5 Steps to Revitalize Your Relationship

There are many reasons why a couple may lose the passion in their relationship. These can vary from a natural cooling, over time, as the honeymoon phase ends; to complacency; to something as extreme as an affair. Whatever the reason, it is certainly possible to recover that spark of intimacy if the following steps are followed:

1. Are You Both Committed?

Determine that both partners are committed to rediscovering their passion for one another. If only one partner is truly interested, the process is doomed to fail. It is really important to avoid a situation in which one partner is uninterested, but afraid or unwilling to say as much. If either partner resolves to just “go through the motions” without true commitment, the results will be compromised.

Start by choosing a convenient time for this conversation. Speak frankly about how much of a priority each of you views the relationship to be and honestly assess the level of motivation you both have to recover it.

2. How Did We Get Here?

In order to come up with a plan to rebuild the intimacy, it is necessary to have a shared understanding of what contributed to the lack of passion for each other. It would be a mistake to try and start having date nights for example, without first having an open and honest conversation to find out what has contributed to the distance and the lack of connection in your relationship. Both partners need to discuss any past resentments or other issues that they feel are contributing to the problem, and both need to share, listen, and truly understand each other’s perspective.

Professional help is available if the couple cannot handle this conversation alone. This can range from having difficulty expressing or understanding each other’s perspectives to difficulty in understanding what is the actual problem.

3. Quality Time Needed

If both of you are committed to rekindling the relationship and have an understanding of how you became distant, it is time to take more active steps to revitalize the relationship. In general, the beginning stages should allow the two of you to fall back “in like” which often does happen before falling back “in love.”

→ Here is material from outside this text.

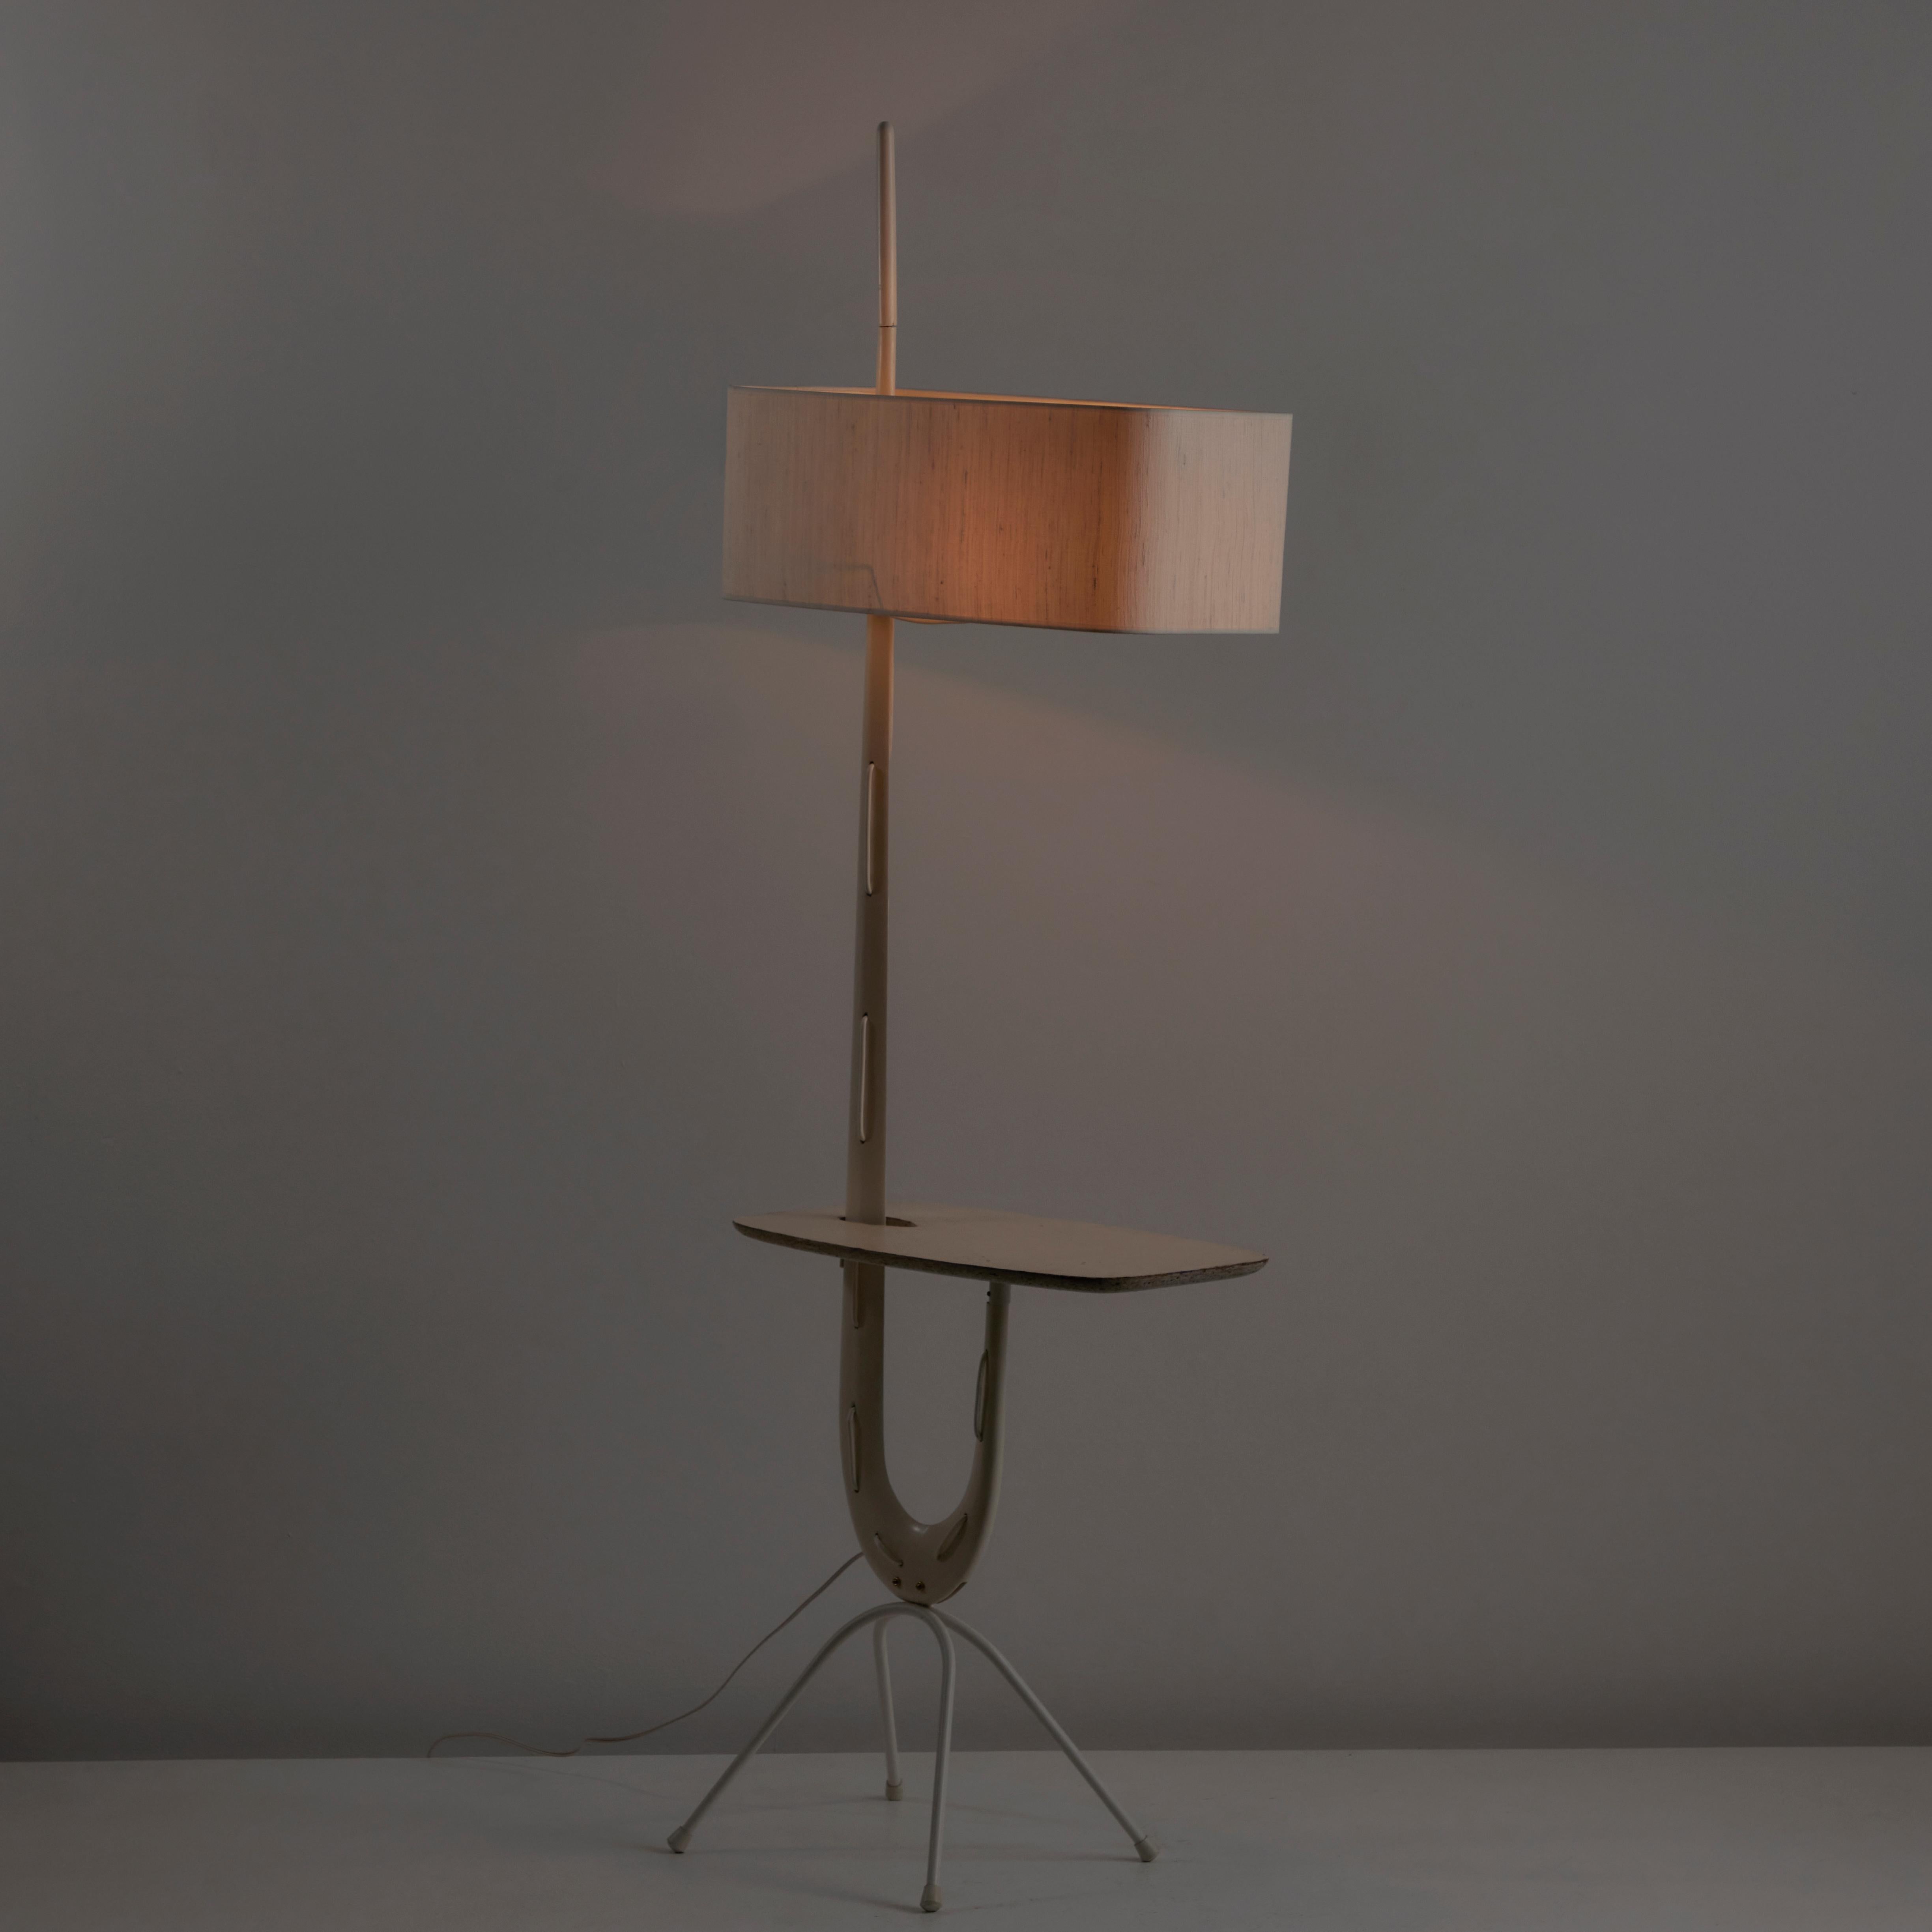 Rare lampadaire modèle 14.952 de Rispal. Conçu et fabriqué en France, vers 1950. Lampadaire incroyablement rare et unique, avec un cadre en bois courbé, peint à la main, comprenant un plateau de table intégré et un pied en métal plié. Le lampadaire

Quality time is more than just time spent together in the same space. Watching TV together, while pleasurable, doesn’t actively build intimacy and closeness. A good example of quality time can be sitting and talking with each other or going on a walk together. Try to remove any potential distractions.

Start slowly. For many couples, reacquainting themselves with one another can be intense, so even ten minutes at a time is a nice beginning for most couples.

It is really important not to rush or think that the intimacy can be recreated very quickly. If there’s been no spark and a lot of distance in the relationship for quite a while, it may be difficult to immediately jump into a lot of forced time spent together. It is generally much wiser to plan for less time together while ensuring one another’s comfort than to be overwhelmed with too much time together. If things are going well, you can always decide to be together for a longer time.

4. Schedule Regular Date Nights

 

Each partner should take turns choosing the activity on date nights so that both partners are comfortable and engage in preferred activities. It is also important to start slow with date nights. This includes the frequency of date nights and the amount of time spent together. Some couples are ready for weekly date nights at this stage, while others may need to begin with once a month.

5. Sex!? How Soon?

Once you have successfully recovered the ability to spend quality time with each other and can comfortably enjoy a night out with one another, it may be time to rekindle the physical passion of the relationship. It is usually important for most couples to first rebuild their connection and truly start to enjoy one another again before physical intimacy resumes. Ideally, this step will progress naturally, and, like the other steps, it is very important not to rush it.

Next Steps

Go ahead and give these steps a try. If either of you feels stuck at any step, or if you have trouble getting started after making an honest effort, it may be time to consider seeking professional help.